Paso 3: Horneado del Queque
Mientras la masa reposa, precalienta el horno a 180°C. Prepara un molde rectangular para queque, forrándolo con papel de mantequilla para facilitar su desmolde. Vierte la mezcla en el molde preparado. Hornea durante 20 minutos con calor solo por debajo, y luego otros 20 minutos con calor por arriba y por abajo. Es fundamental no abrir el horno durante los primeros 30 minutos de cocción para asegurar que el queque suba uniformemente.

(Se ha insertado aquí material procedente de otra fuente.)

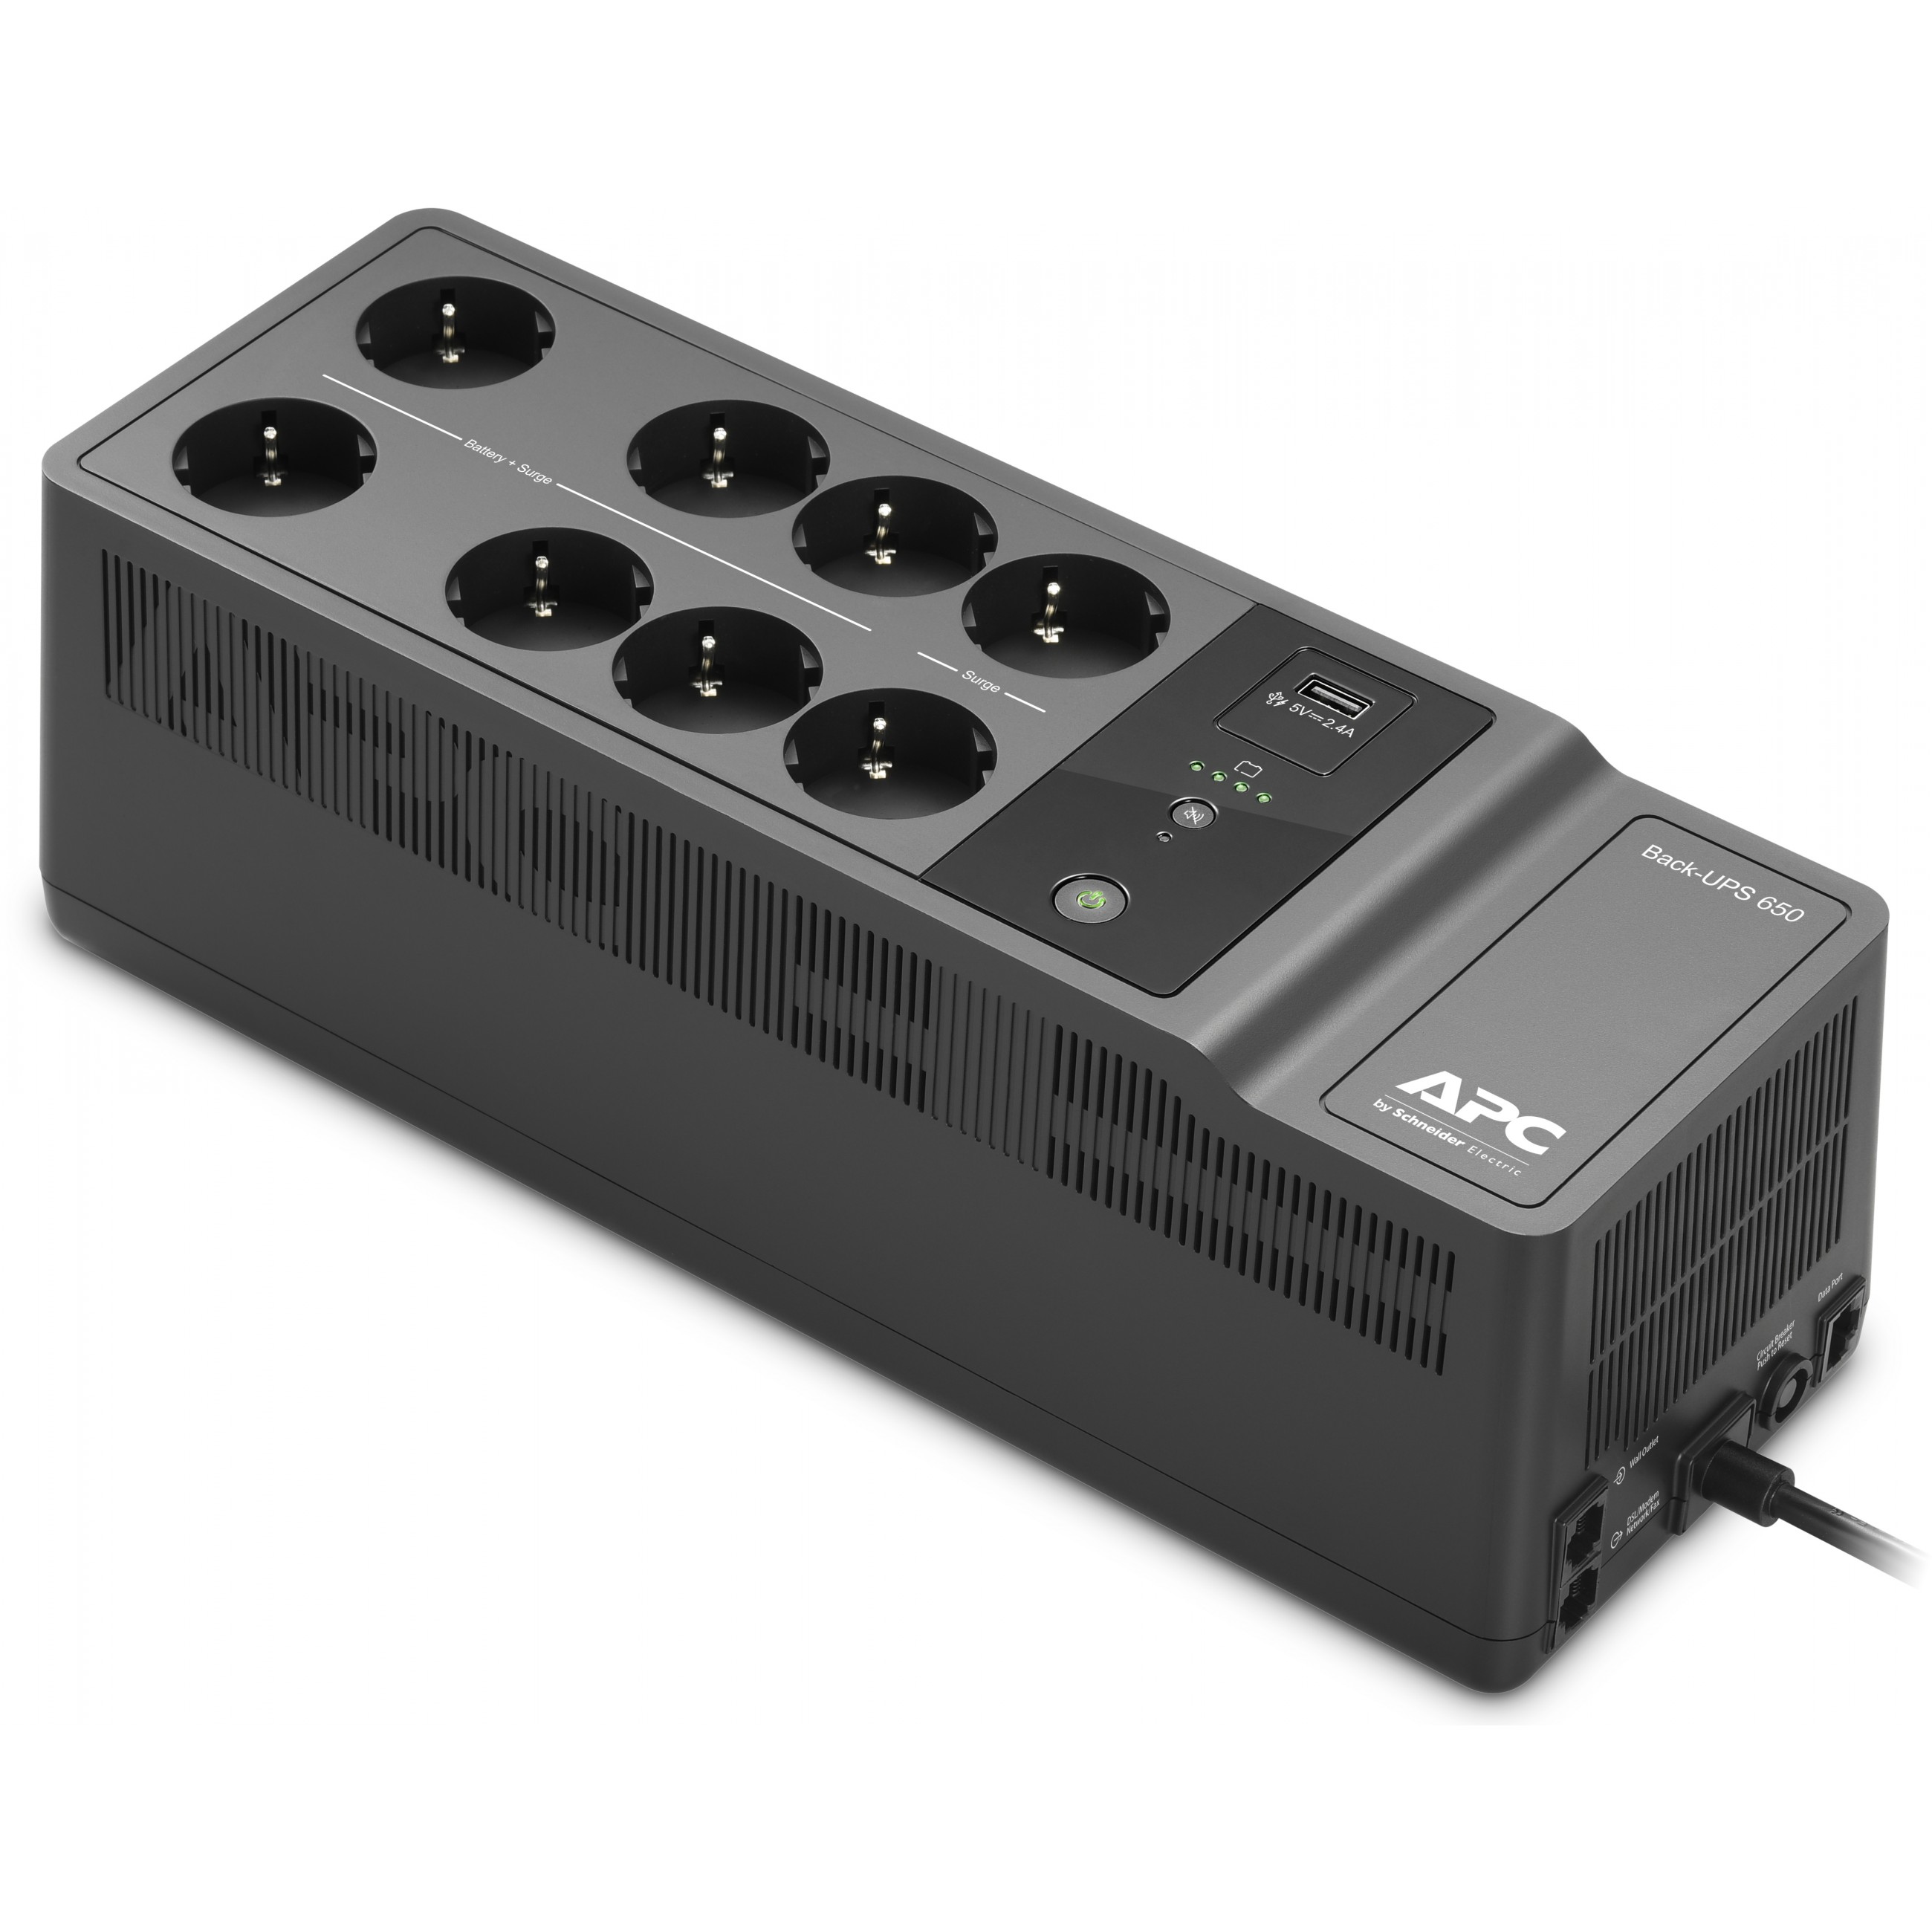 APC Back-UPS 650VA 230V 1 USB charging port - (Offline-) USV uninterruptible power supply (UPS)
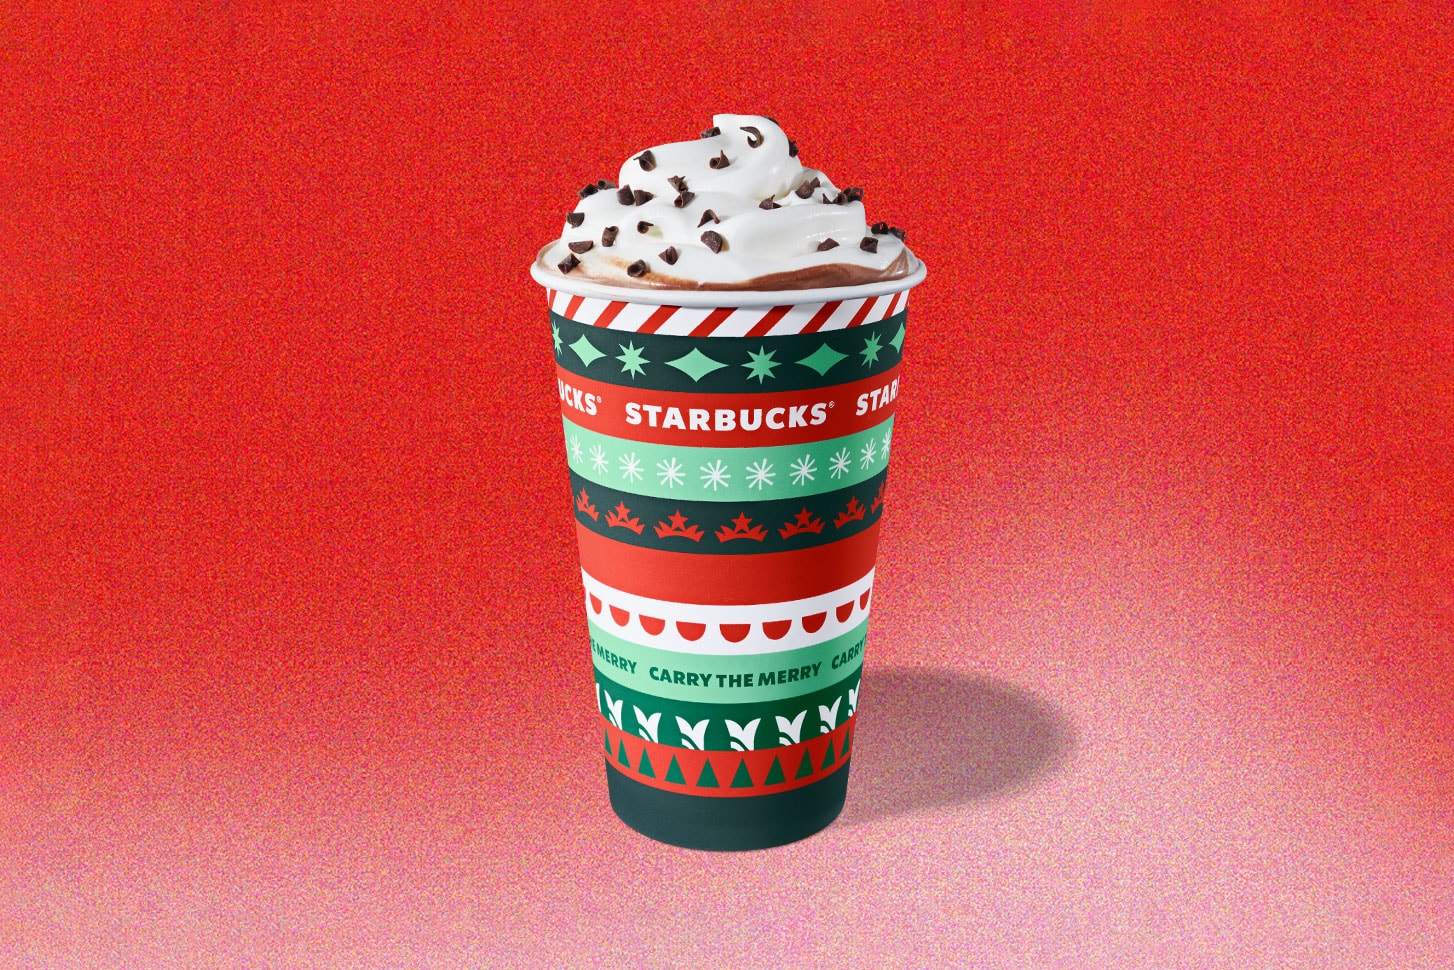 Starbucks Holiday Drinks Cup Peppermint Mocha Eggnog Latte Toasted White Chocolate Caramel Brulee Chestnut Praline

Paso 4: Verificación y Enfriamiento
Para comprobar si el queque está listo, introduce un palillo de brocheta en el centro. Si sale seco, el queque está cocido. Retira el queque del horno y déjalo enfriar completamente antes de desmoldarlo.

Paso 5: Corte y Presentación
Una vez frío, el queque se puede porcionar en cuadrados de aproximadamente 3 dedos de ancho o en rebanadas de 2 dedos. Sirve una porción por persona y disfruta de este delicioso postre.
Consejos para un Queque Perfecto
Para asegurar el éxito de tu queque, ten en cuenta las siguientes recomendaciones:
- Uso de aceite vegetal: El aceite vegetal es preferible para preparar queques, ya que su sabor neutro no interfiere con los demás ingredientes.
- Ralladura de naranja: Asegúrate de rallar solo la parte naranja de la cáscara para evitar el amargor de la parte blanca.
- Mezclar suavemente: Al incorporar los ingredientes secos, hazlo con movimientos envolventes y suaves para mantener la ternura de la masa.
- Corroborar la cocción: No abras el horno hasta pasados al menos 30 minutos. Utiliza un palillo para verificar que el interior esté completamente cocido.
- Medición de ingredientes: Utilizar tazas de medida estándar es crucial. Si bien hay varias formas de medir la harina, se recomienda llenarla con una cuchara grande y nivelarla con un cuchillo para mayor precisión.
Como medir con tazas y gramos en la Repostería correctamente
Variaciones y Aportes Nutricionales
Este queque es una base excelente que puede ser enriquecida con diversos aditivos. Se puede añadir cacao para una versión de chocolate, semillas de amapola, nueces picadas o molidas, o chips de chocolate. Para el glaseado, se puede mezclar azúcar glas con un poco de jugo de limón o leche hasta obtener la consistencia deseada. Una vez frío, el glaseado se solidifica, aportando un toque dulce y decorativo.
En cuanto a sus aportes nutricionales por porción (calculado sobre una base aproximada de 100g):
| Nutriente | Cantidad |
|---|---|
| Energía | 417 kcal |
| Carbohidratos | 49.4 g |
| Grasas | 22.1 g |
| Grasas saturadas | 6.4 g |
| Fibra | 1.4 g |
| Proteína | 5.6 g |
| Azúcares | 28.5 g |
| Sodio | 51.6 mg |
La crema de leche, además de aportar humedad y una textura suave, contribuye con grasas y proteínas a la receta. El aceite vegetal, por su parte, es una fuente de grasas insaturadas, y las naranjas añaden un toque cítrico además de vitaminas.